• **Information given**
----
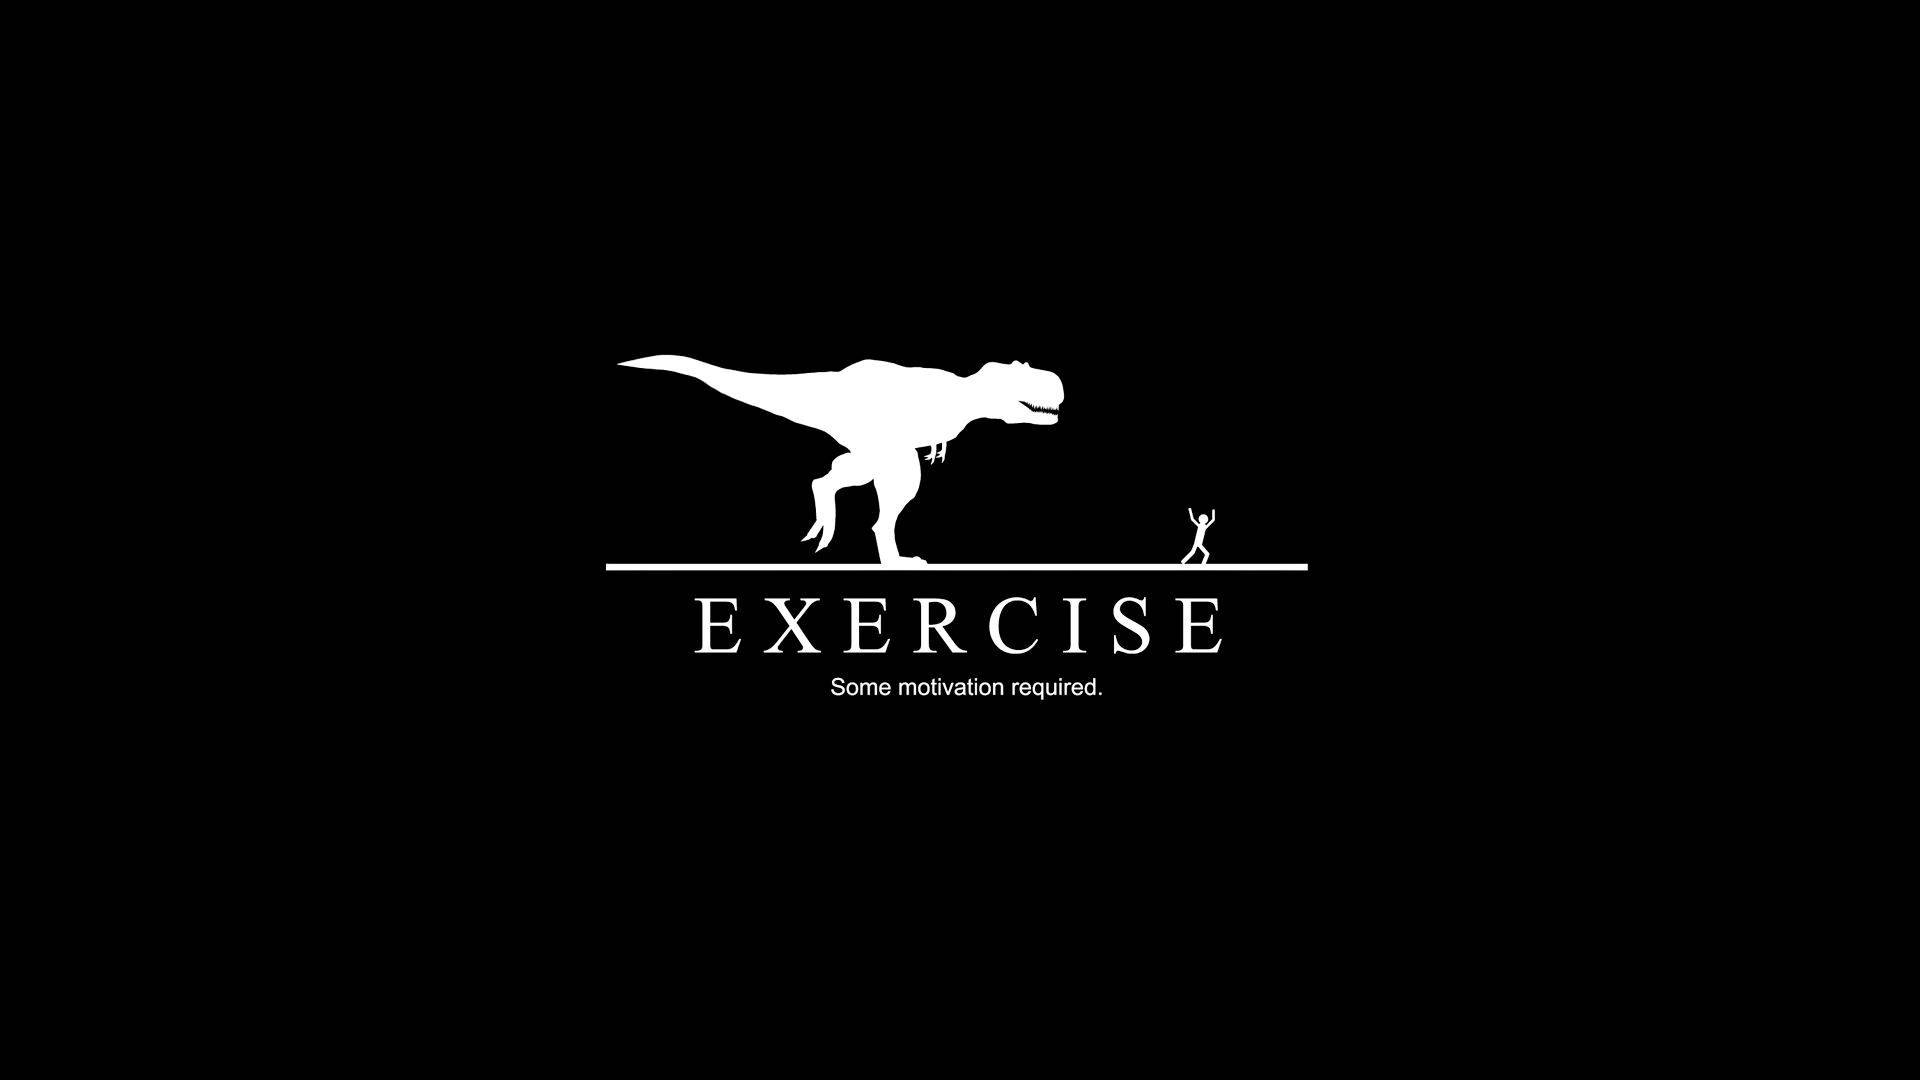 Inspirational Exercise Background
----
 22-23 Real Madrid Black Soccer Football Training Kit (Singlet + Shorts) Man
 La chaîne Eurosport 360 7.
----
• **What is expected**
In the listing above, locate the line containing "22-23 Real Madrid" and the line containing "La chaîne Eurosport 360 7.". Transcribe those two lines and everything between them, exactly as written.

• **Exercise result**
 22-23 Real Madrid Black Soccer Football Training Kit (Singlet + Shorts) Man
 La chaîne Eurosport 360 7.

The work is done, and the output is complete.